How to use Qwen API in Python

Direct answer
Use the official Qwen Python SDK by installing it, setting your API key in os.environ, importing the QwenClient, and calling client.chat.completions.create() with your prompt messages.

Setup

Install
bash
pip install qwen-sdk
Env vars
QWEN_API_KEY
Imports
python
import os
from qwen_sdk import QwenClient

Examples

inHello, who won the 2024 US presidential election?
outAs of 2026, the 2024 US presidential election was won by Joe Biden.
inWrite a Python function to reverse a string.
outdef reverse_string(s): return s[::-1]
inExplain quantum computing in simple terms.
outQuantum computing uses quantum bits that can be in multiple states at once, enabling faster problem solving for certain tasks.

Integration steps

  1. Install the Qwen Python SDK with pip and set your API key in the environment variable QWEN_API_KEY.
  2. Import the QwenClient class from the qwen_sdk package.
  3. Initialize the client with your API key from os.environ.
  4. Build the messages list with role and content for the chat completion.
  5. Call the chat.completions.create() method with the model and messages.
  6. Extract the AI response text from the returned object and use it in your application.

Full code

python
import os
from qwen_sdk import QwenClient

# Initialize client with API key from environment
client = QwenClient(api_key=os.environ["QWEN_API_KEY"])

# Prepare chat messages
messages = [
    {"role": "user", "content": "Hello, can you explain what Qwen AI is?"}
]

# Call the chat completion endpoint
response = client.chat.completions.create(
    model="qwen-v1",
    messages=messages
)

# Extract and print the response text
print("Qwen AI response:", response.choices[0].message.content)

API trace

Request
json
{"model": "qwen-v1", "messages": [{"role": "user", "content": "Hello, can you explain what Qwen AI is?"}]}
Response
json
{"choices": [{"message": {"content": "Qwen AI is a large language model developed by Alibaba..."}}], "usage": {"prompt_tokens": 15, "completion_tokens": 30, "total_tokens": 45}}
Extractresponse.choices[0].message.content

Variants

Streaming chat completion

Use streaming to display partial responses in real-time for better user experience with long outputs.

python
import os
from qwen_sdk import QwenClient

client = QwenClient(api_key=os.environ["QWEN_API_KEY"])

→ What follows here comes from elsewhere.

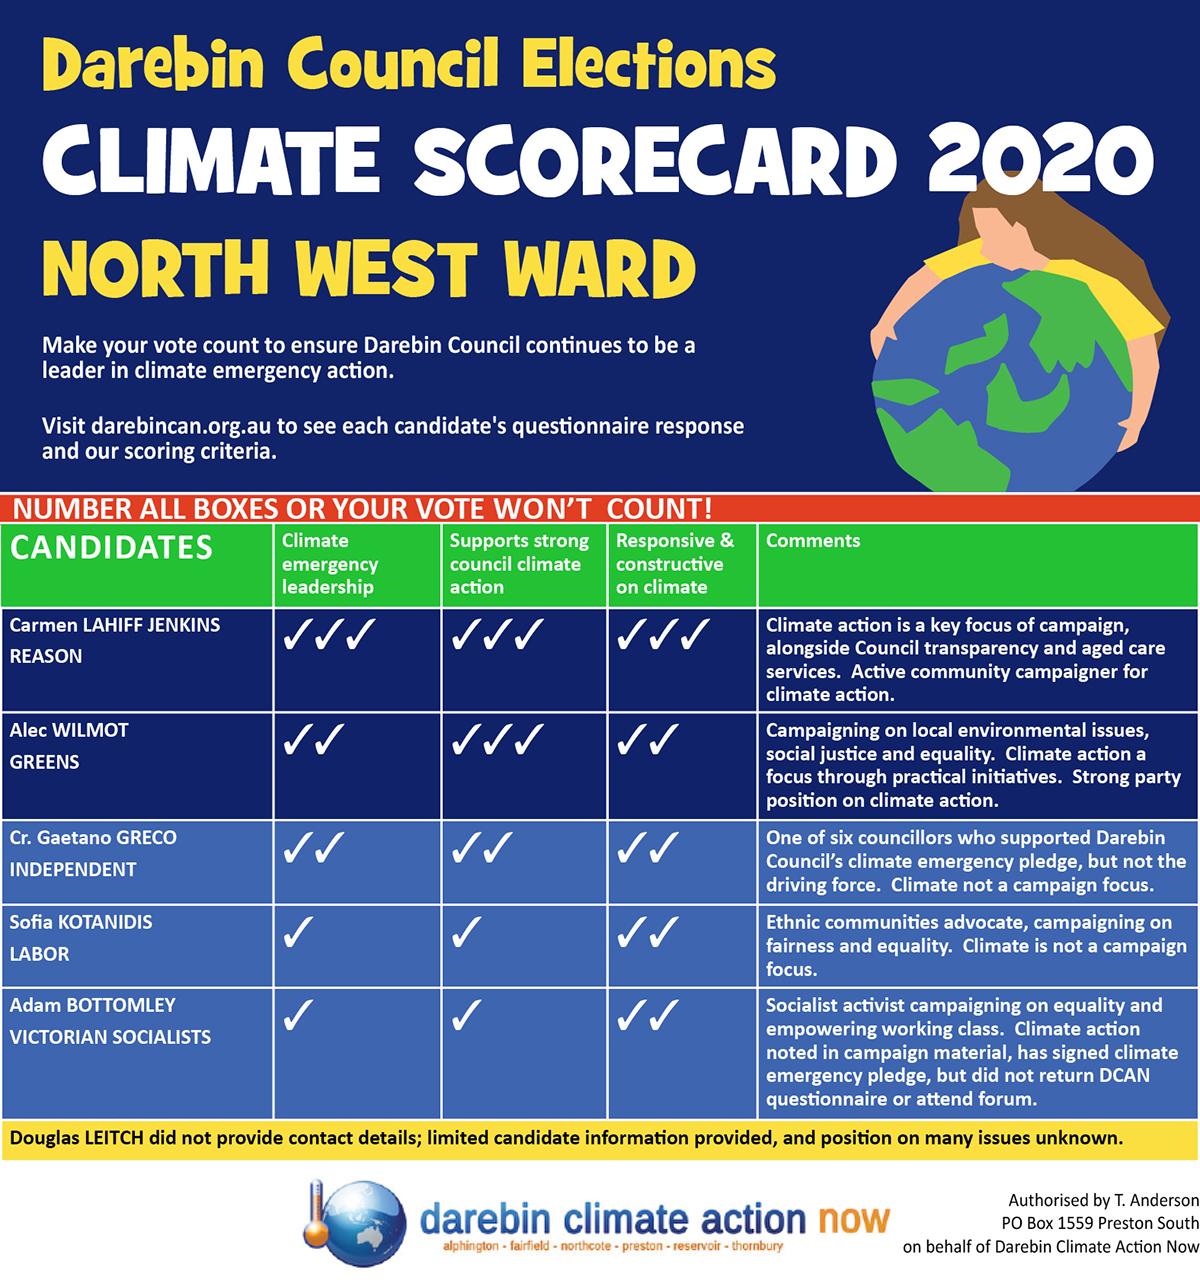 North West Ward Scorecard

messages = [{"role": "user", "content": "Tell me a joke."}]

# Stream the response
for chunk in client.chat.completions.stream(
    model="qwen-v1",
    messages=messages
):
    print(chunk.choices[0].delta.get("content", ""), end="", flush=True)
print()
Async chat completion

Use async calls when integrating Qwen API in asynchronous Python applications to improve concurrency.

python
import os
import asyncio
from qwen_sdk import QwenClient

async def main():
    client = QwenClient(api_key=os.environ["QWEN_API_KEY"])
    messages = [{"role": "user", "content": "Summarize the latest AI trends."}]
    response = await client.chat.completions.acreate(
        model="qwen-v1",
        messages=messages
    )
    print("Async response:", response.choices[0].message.content)

asyncio.run(main())
Use smaller model for cost efficiency

Use the smaller model variant for faster responses and lower cost when high accuracy is not critical.

python
import os
from qwen_sdk import QwenClient

client = QwenClient(api_key=os.environ["QWEN_API_KEY"])
messages = [{"role": "user", "content": "Explain photosynthesis."}]
response = client.chat.completions.create(
    model="qwen-v1-small",
    messages=messages
)
print(response.choices[0].message.content)

Performance

Latency~700ms for qwen-v1 non-streaming calls
Cost~$0.0015 per 1000 tokens on qwen-v1
Rate limitsDefault tier: 600 requests per minute, 50,000 tokens per minute
  • Use concise prompts to reduce token usage.
  • Prefer smaller models for less critical tasks to save cost.
  • Cache frequent queries to avoid repeated calls.
ApproachLatencyCost/callBest for
Standard chat completion~700ms~$0.0015/1k tokensGeneral purpose chat
Streaming chat completionStarts within 300ms~$0.0015/1k tokensReal-time UI updates
Async chat completion~700ms~$0.0015/1k tokensConcurrent async apps
Smaller model (qwen-v1-small)~400ms~$0.0008/1k tokensCost-sensitive or lightweight tasks

Quick tip

Always set your QWEN_API_KEY in the environment and use the official QwenClient for stable, up-to-date API access.

Common mistake

Beginners often forget to include the 'role' field in messages or use incorrect model names, causing API errors.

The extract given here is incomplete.